For the loss of the wink in the stars.
And the feel of a mothers touch, now so far.

Why, oh why, must death take the ones we love the most.
And leave them with only the company of a post.
I regret not being there.
To help her through despair.

Why had I made this grave mistake?
A mothers touch so far away.
Why?
Spencer Smith May 2018
You're like a bruise.
Every time something touches you, you hurt, but you're fine when left alone.
I try to heal you with my touch but only hurt you.
I give you space so you heal, but you hold on so stubbornly.

You're like a cut.
I try to let you heal, but can't help but pick a little like a child,
I try to pull you off but only hurt you more.
You cling on until you heal, and then you are gone.

You're like a knife in my side.
People use you to hurt me.
They twist the knife, to inflict hurt on me.
I try to pull you out but I can't find the guts too, so you stay there, until I pull you out painfully.

Why can't you see you're hurting me?
You insist on holding onto me until you feel better,
Then you toss me off like a used garment, beyond repair,
Until you run out of other clothes to wear, so you use me.
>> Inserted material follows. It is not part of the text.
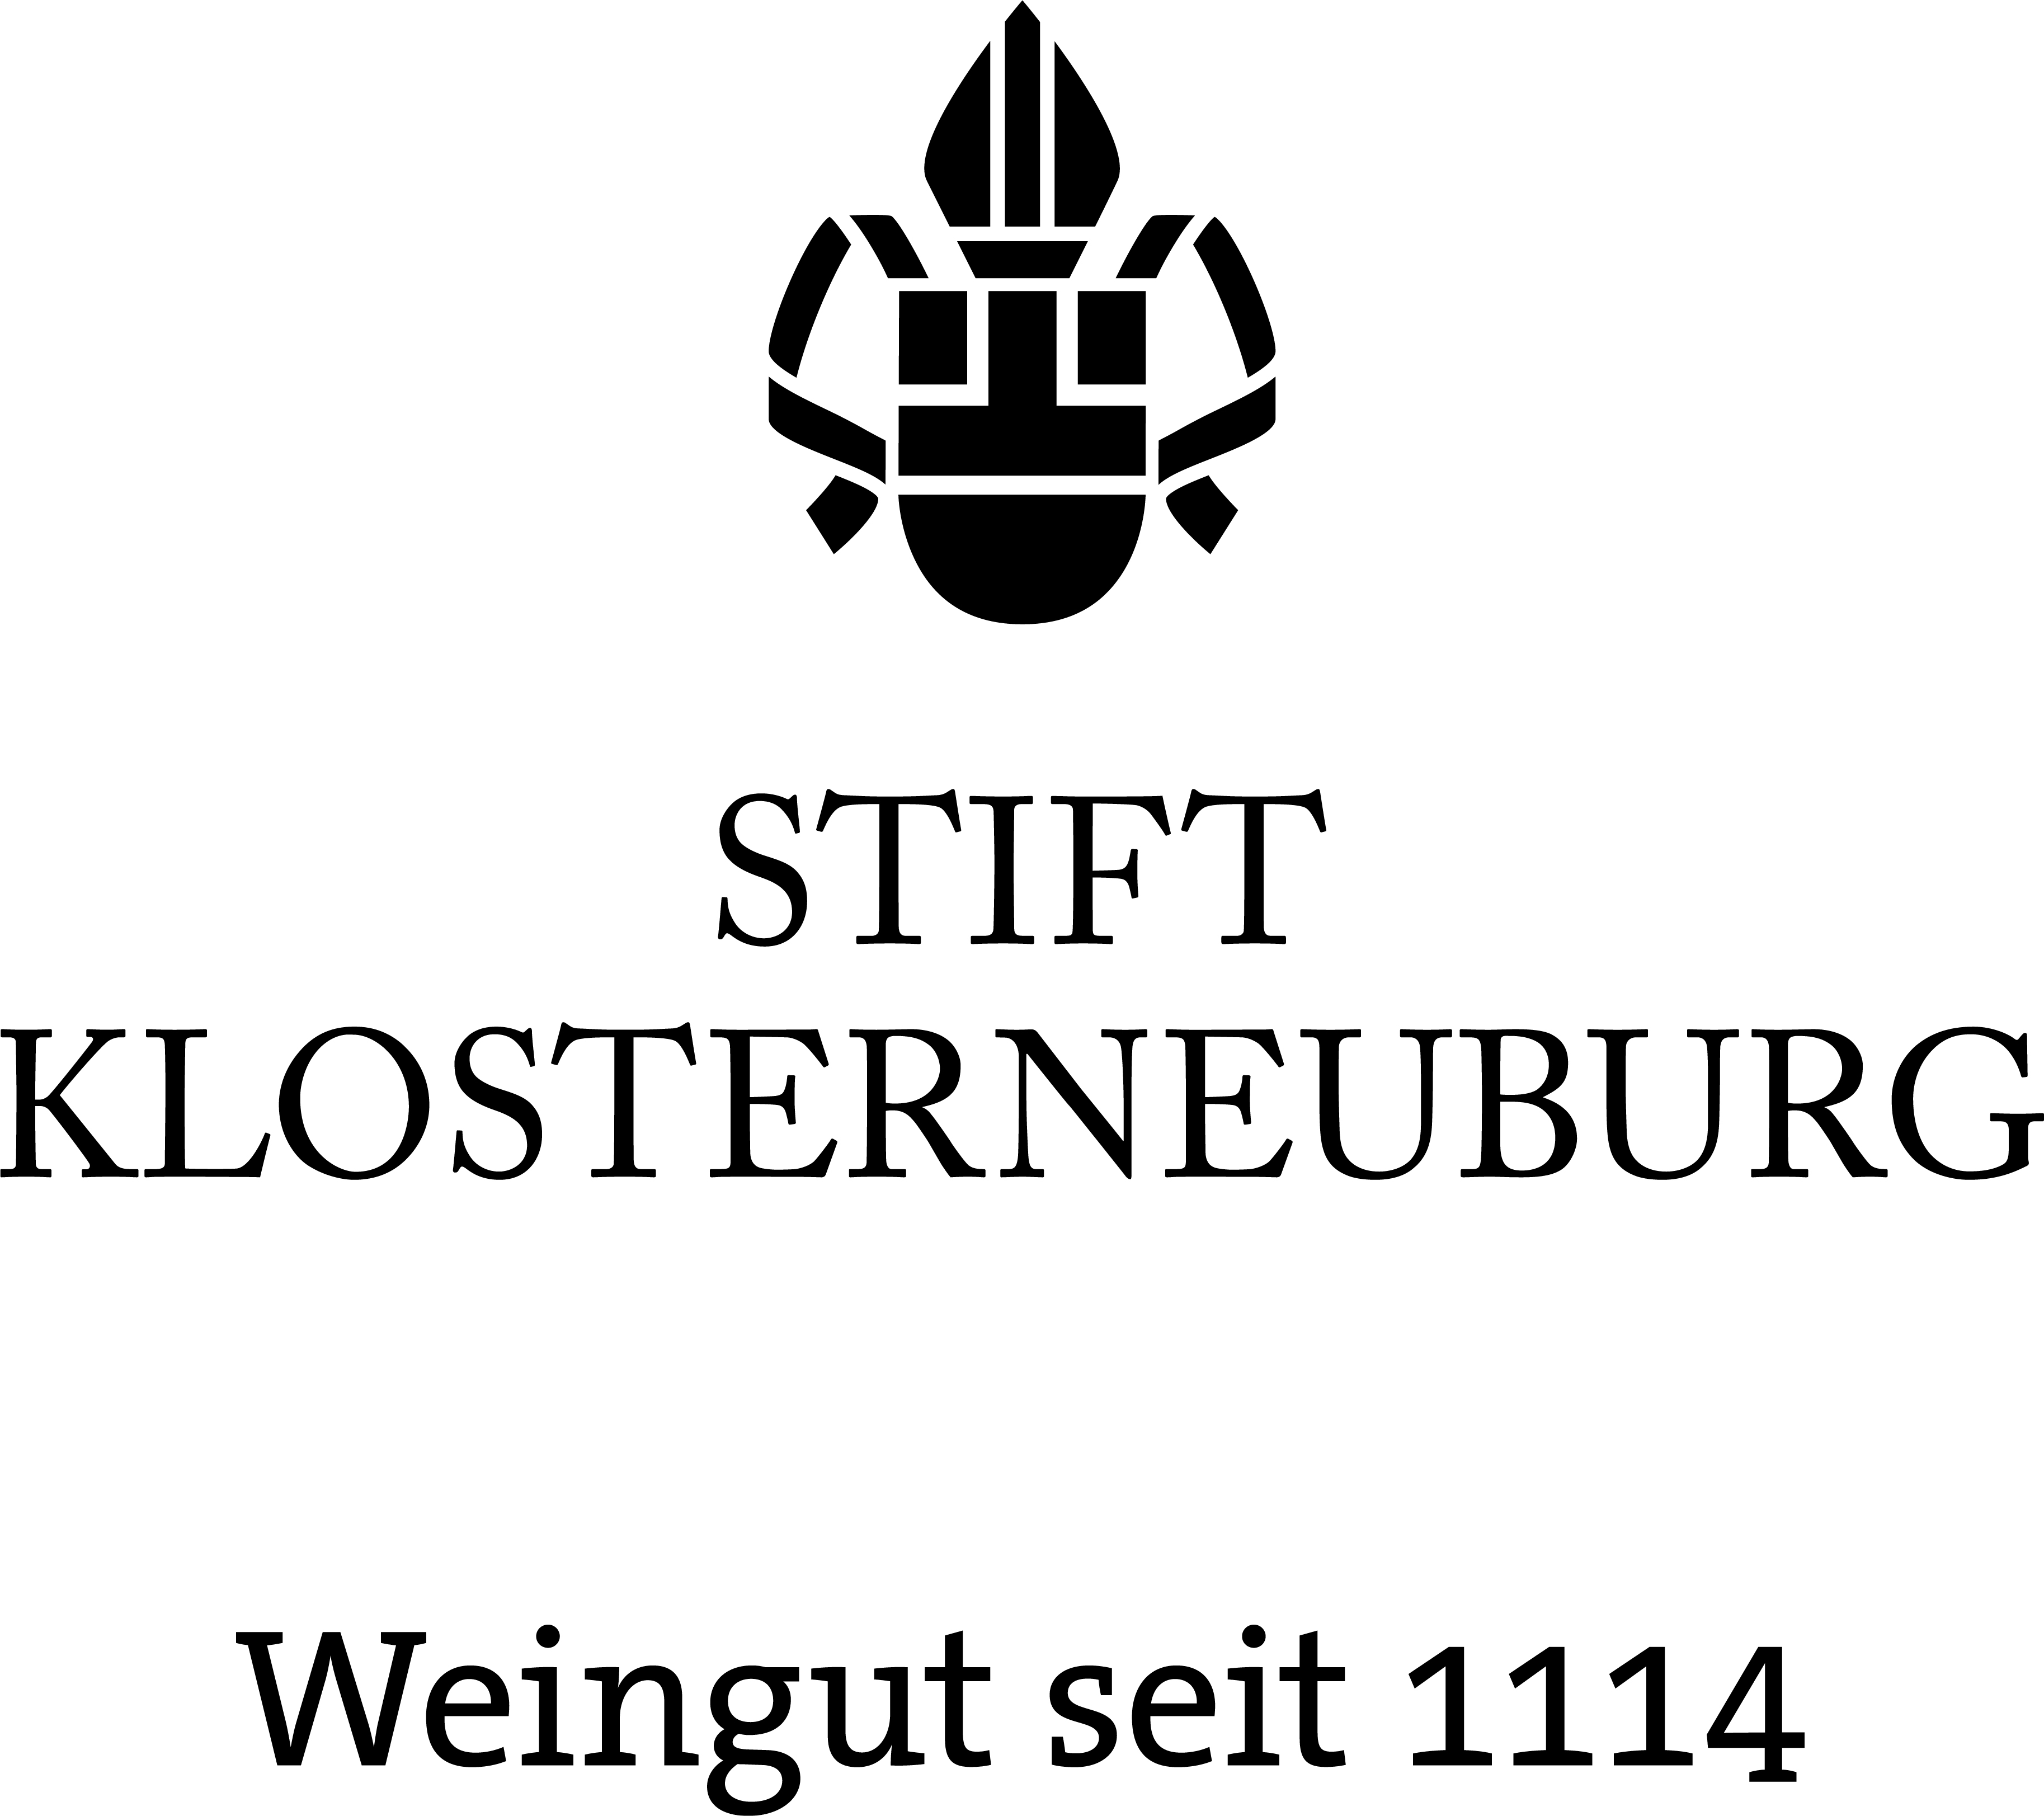 Weingut Stift Kloterneuburg GmbH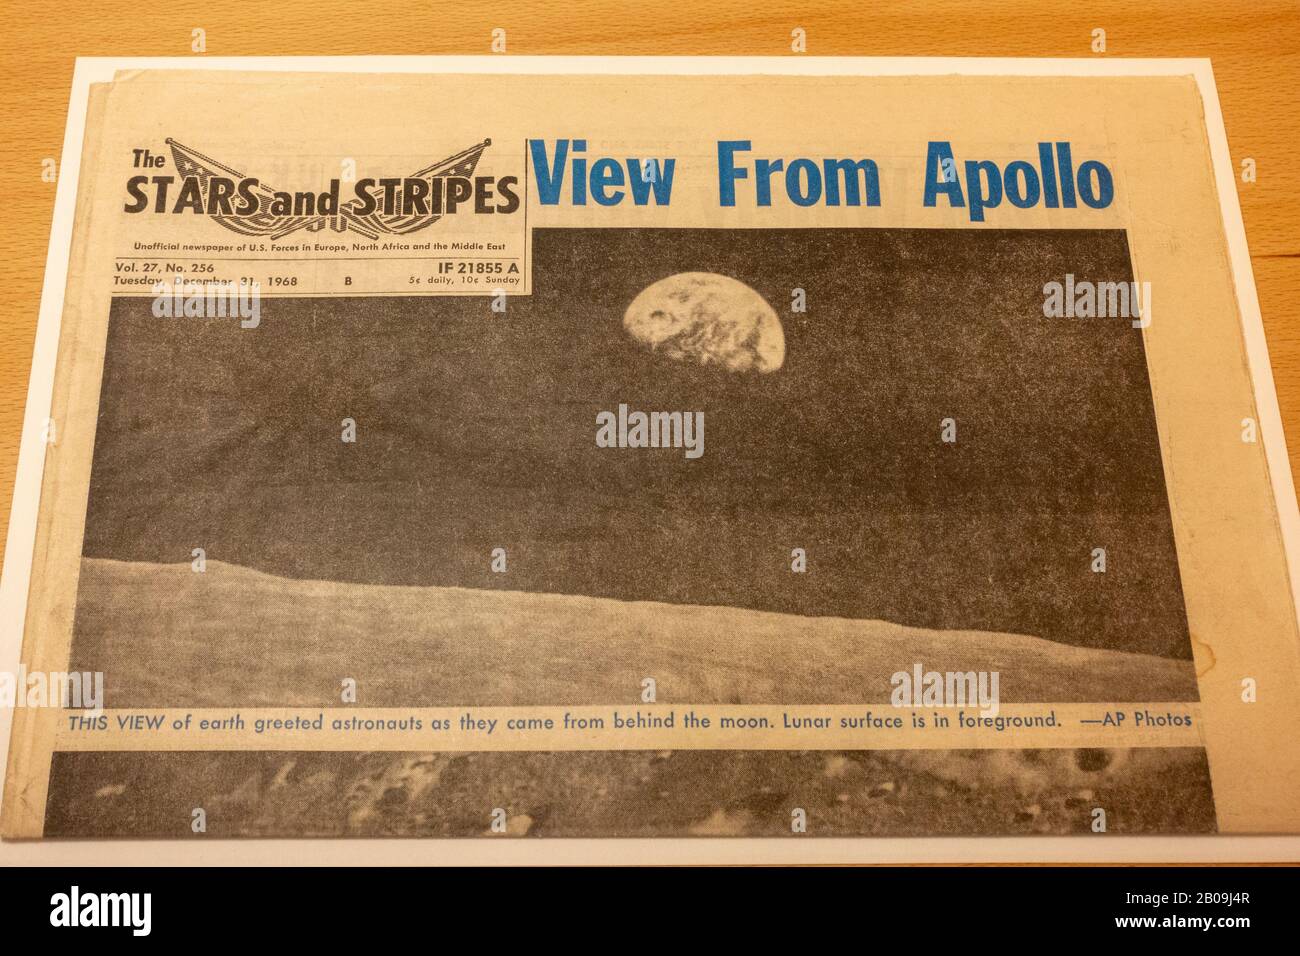 Apollo 8, giornale 'Stars and Stripes' con 'View from Apollo', (31 dicembre 1968) Museo delle Comunicazioni (Norimberga Transport Museum), Germania. Foto Stock

Making me hold onto your pain until you heal.
I try to get rid of you, but only hurt you so much more, and,
You know that I love you too much for that.
So I sit and wait for you to heal, but some wounds don't heal.
Spencer Smith May 2018
You, yes you.
The one with the broken smile.
No, look up, your beautiful for who you are.
I don't care how you look, or where you came from,
You Are Beautiful.
Despite what others may say,
You Are Beautiful.
Even though you may feel blue,
You Are Beautiful.
Just listen to me through the pain.
You Are Beautiful.
Your gender, race, past, do not have any hold on you anymore because,
You Are Beautiful.
I know the voices may say something else but,
You Are Beautiful.
I know you may roll your eyes but truly I know,
You Are Beautiful.
You may look in the mirror and see a disgusting mess, but your not,
You Are Beautiful
You may feel like a mess, but look up,
You Are Beautiful.
Through the loss, through the pain, through the ups and downs,
You Are Beautiful.
You have done more than you think, don't hang your head,
You Are Beautiful.
Despite the mistakes you may have made, or the cuts on your wrist,
You Are Beautiful.
You may feel anger, sadness, pain, lost, hopeless, but you should feel like,
You Are Beautiful.
There's no disguising the fact, that,
You Are Beautiful.
This poem goes out to anyone struggling to find peace or hope.
Spencer Smith May 2018
I speak my mind,
And I'm rewarded with blank stares.
"You're too young to not feel fine!"
Yet I wake up every day to despair.

I feel my hands trembling.
I see their confusion.
They aren't understanding.
They yell at me to come back in unison.

I'm only Thirteen,
And I feel as if I have the weight of the world,
Weighing down on me.
Suffocating me, blocking out all my words.

I write with my blood,
I've watched my arms be drained,
They see my cuts,
And ask me how it happened.

They think I'm too young to feel pain,
But I have it in Spades.
I can't tell them how it happened, so I run into the rain,
Panting, exhausted, and lost, just looking for somewhere to stay.

They don't understand,
Your just a kid,
Are you mad?
Just because I'm young doesn't stop pain from digging a pit for me.

I crawl into the pit every time,
Knowing it's the only peace I'll ever have,
Even if it is discomforting.
They see me suffer in silence, with a confused look, they'll never understand such a young soul to be tormented like this.